Trendalyze does not compete with cloud providers. We partner and deploy applications on all cloud platforms. Trendalyze provides complementary services to their offerings. The ML and DL offerings typically target the developer community, while we target business professionals with self-service tools. All of them use traditional statistical methods that have been around for many years. Trendalyze is based on a completely different, mathematical paradigm instead of a statistical approach to time-series mining and analysis. It is analogous to how physicists estimate probabilities mathematically instead of statistically. Due to the fundamental differences in the approach, many of the assumptions for statistical modeling do not apply to motif discovery.

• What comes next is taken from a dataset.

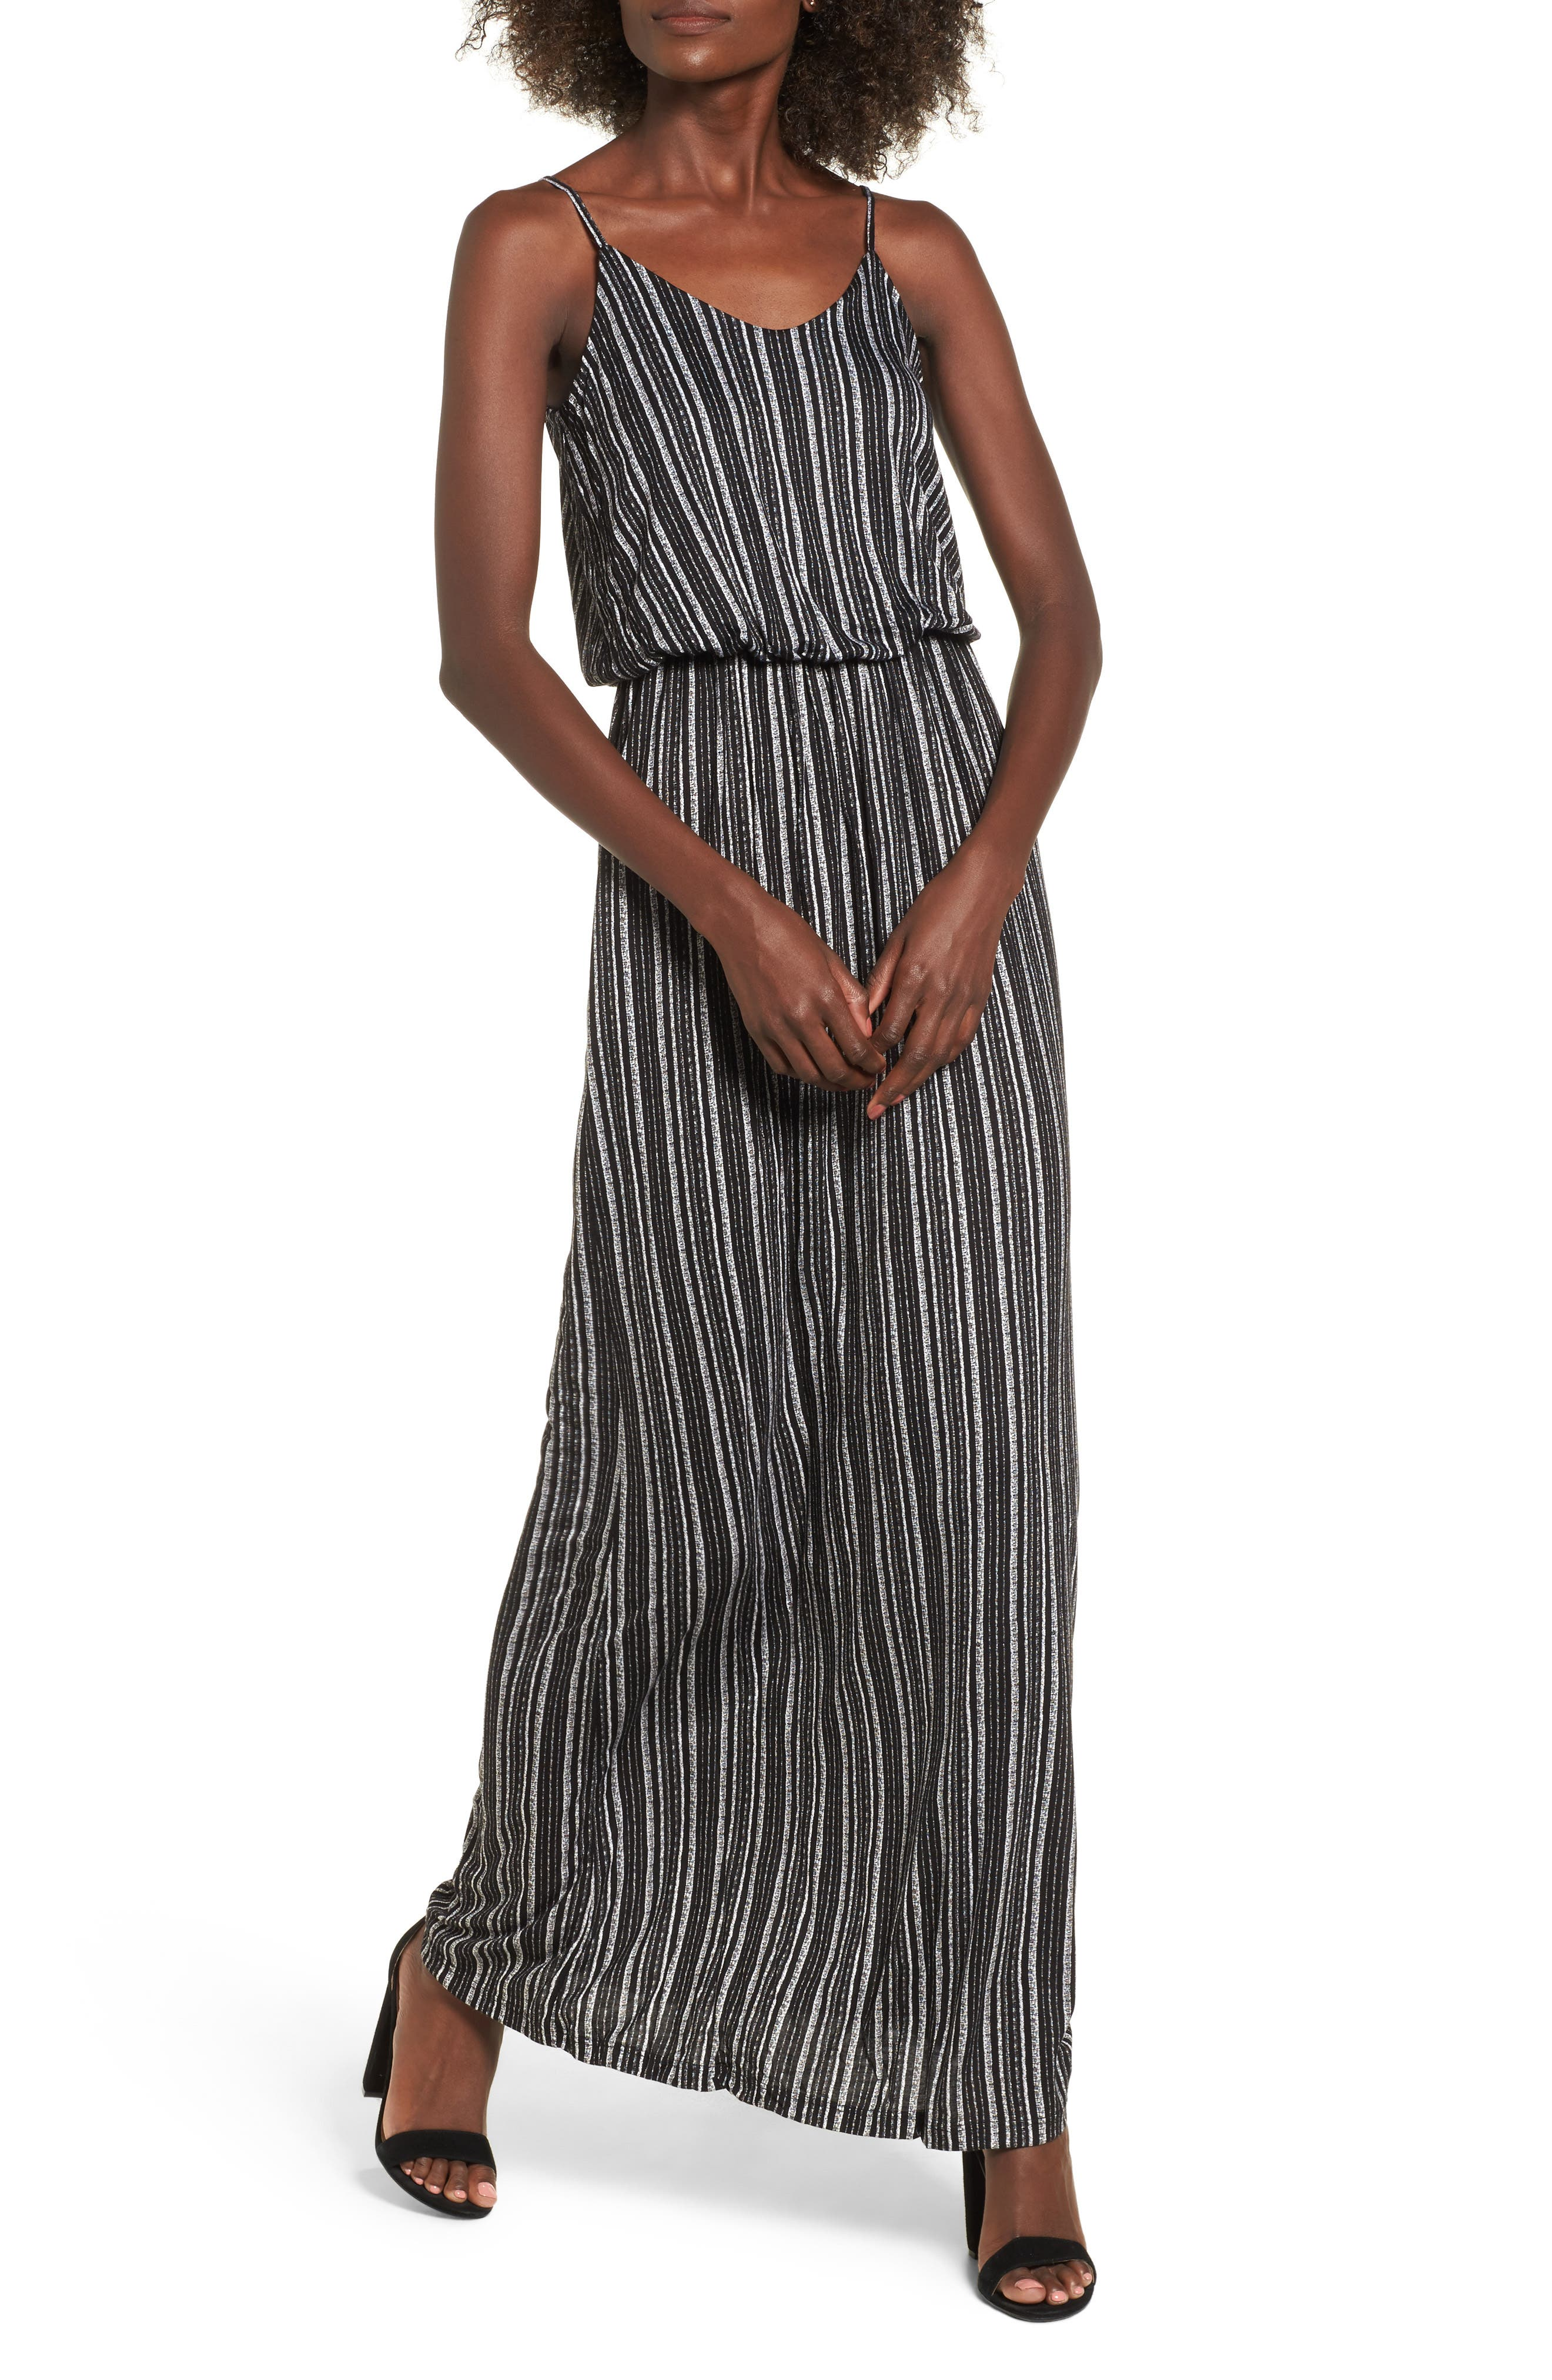 Alternate Image 1 Selected - Lush Knit Maxi Dress
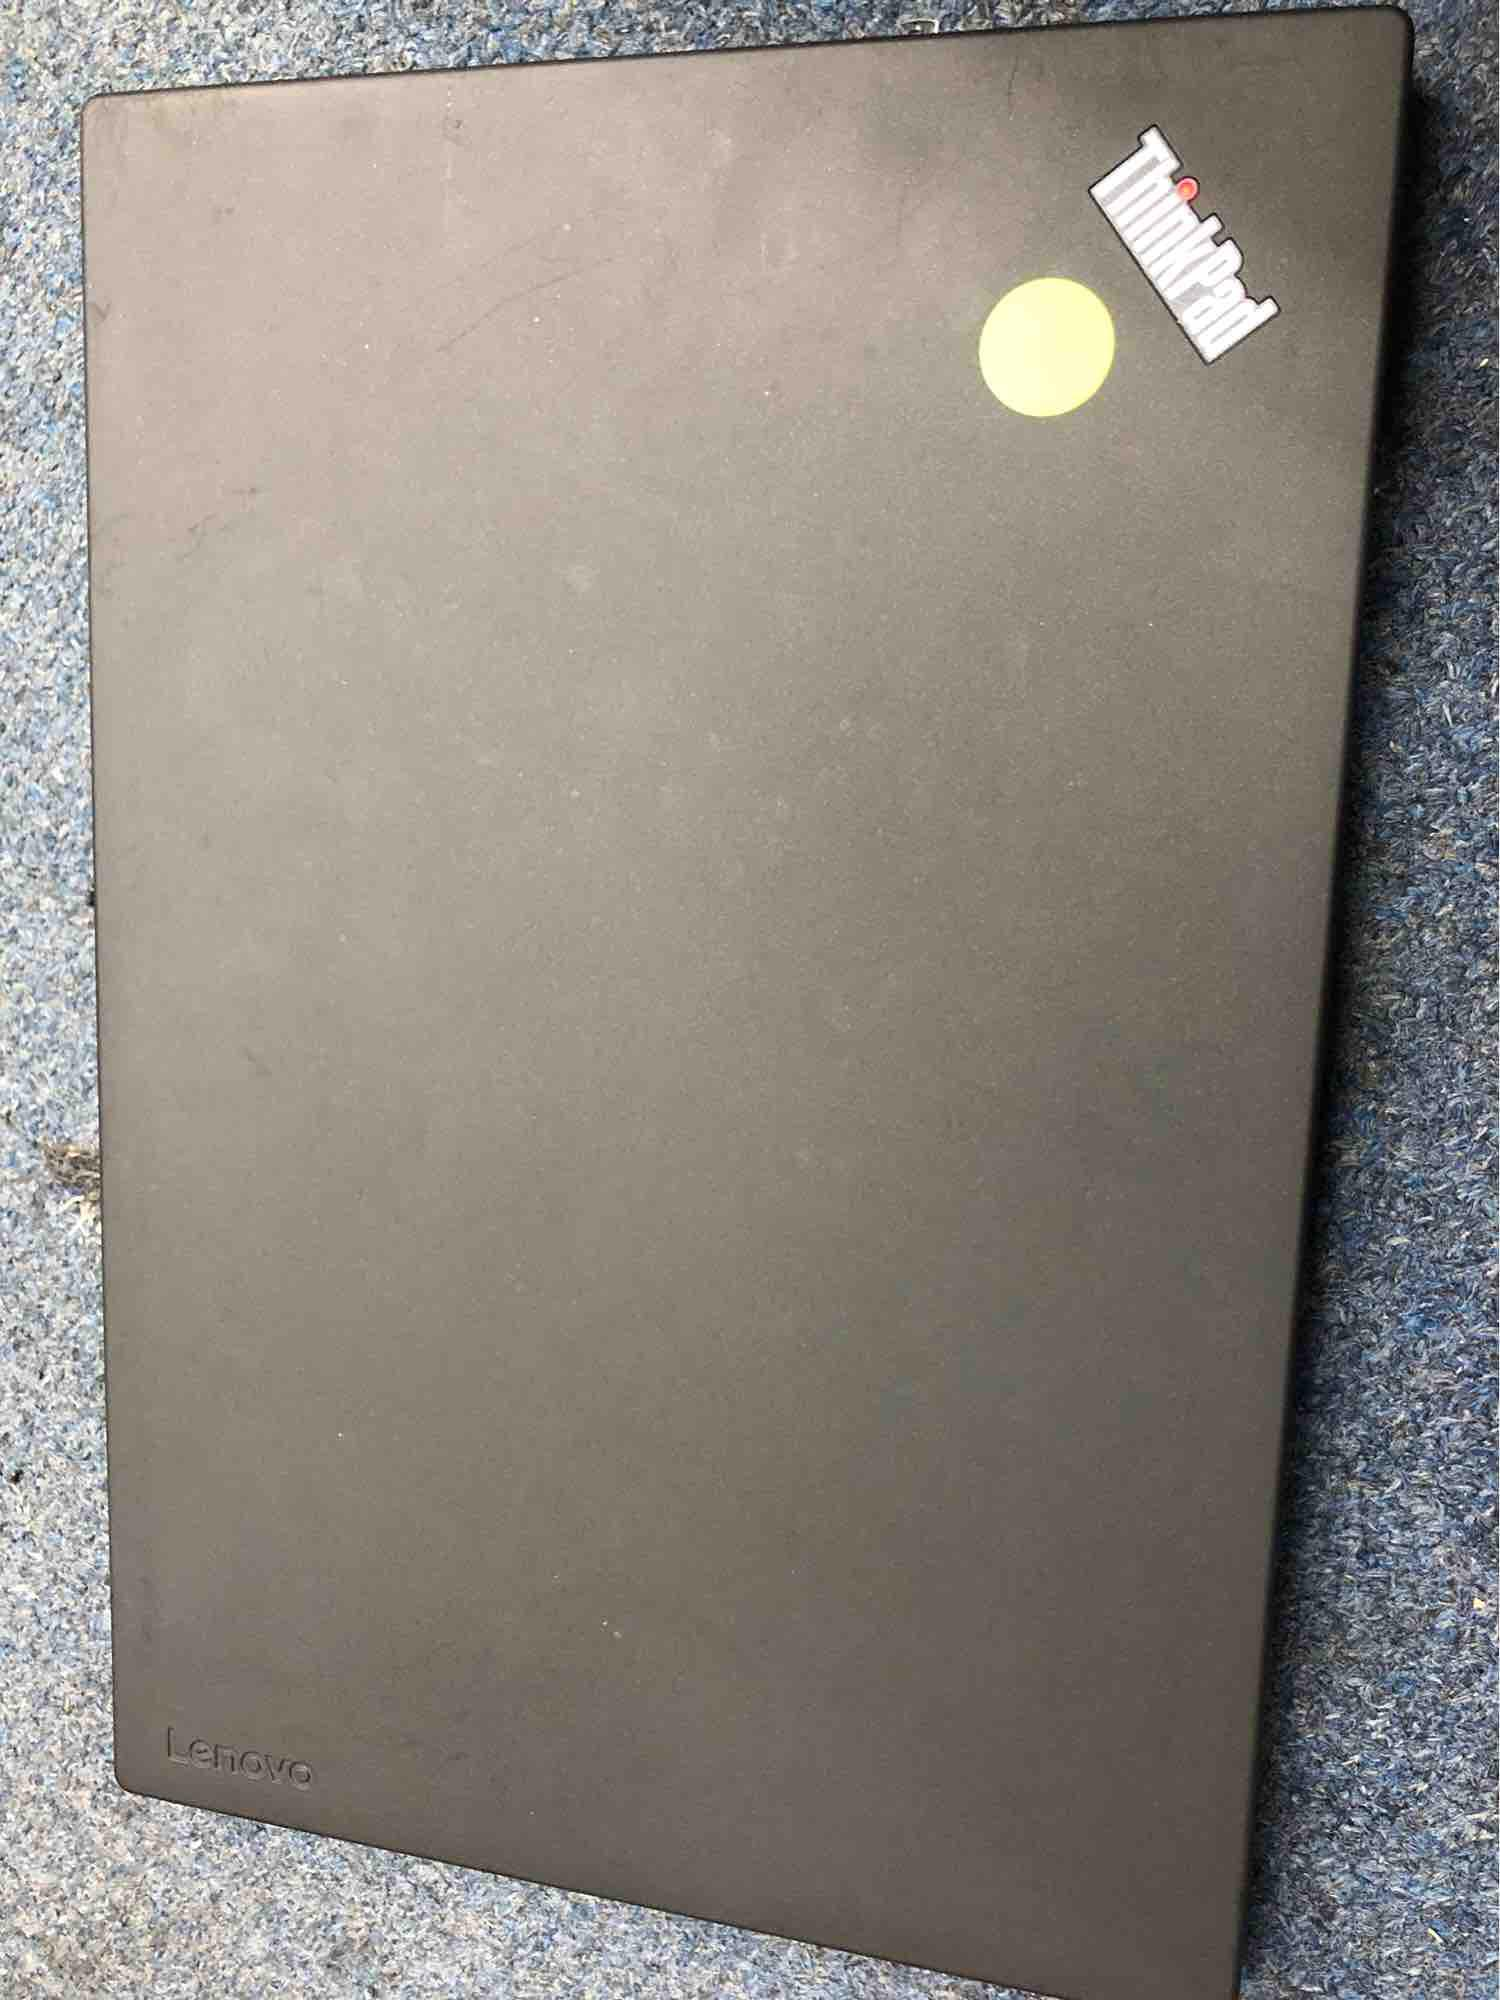 Lenovo X260 i5 6th gen 8gb 256gb Ssd  Refurbished Ultra book

What about the cloud computing leaders who are trying to innovate in the time-series analysis space?
At this time, the big vendors are more focused on computer vision and speech recognition modeling and relegating time series analysis to traditional methods and tools. The cloud vendors have been trying to innovate in the BI and analytics space too. It has taken more than 10 years for many to come up with offerings. We believe that the same will happen in the time-series analytics space.
Open source technology such as Facebook’s Prophet has attracted a lot of attention recently, but Bayesian modeling that it utilizes has been around for many years. Bayesian modeling is more difficult compared to ARIMA, and there is a debate about which of the two methods produces better results. The market demands self-service tools precisely because of the skills required to use either method.
Many customers ask for turnkey solutions, especially in the analytics area. This is because of the shortage of knowledgeable resources and a high failure rate of analytical projects. Turnkey solutions are perceived as risk-free. Yet turnkey solutions have neither replaced nor eliminated the demand for custom apps and self-service tools. Our experience is that custom applications remain strong in areas where they deliver competitive advantage, while turnkey solutions are better for standard non-differentiating business processes. Self-service has emerged to gain insights quickly and then operationalize the insights via custom or embedded applications to monetize them. Trendalyze is built to shorten the path from insight to monetization. – discover patterns and monitor for them in real-time to achieve desirable outcomes.
AWS Timestream or Azure Time Series Insights seem to have a similar offering, but with more capacity to scale.
The approaches are different. Both AWS and Azure scale in the estimation and scoring with statistical models which is very computationally intensive. Trendalyze scale in search and matching like Google and are less computationally intensive. Our backend is built with Hadoop and Spark which have proven scalability.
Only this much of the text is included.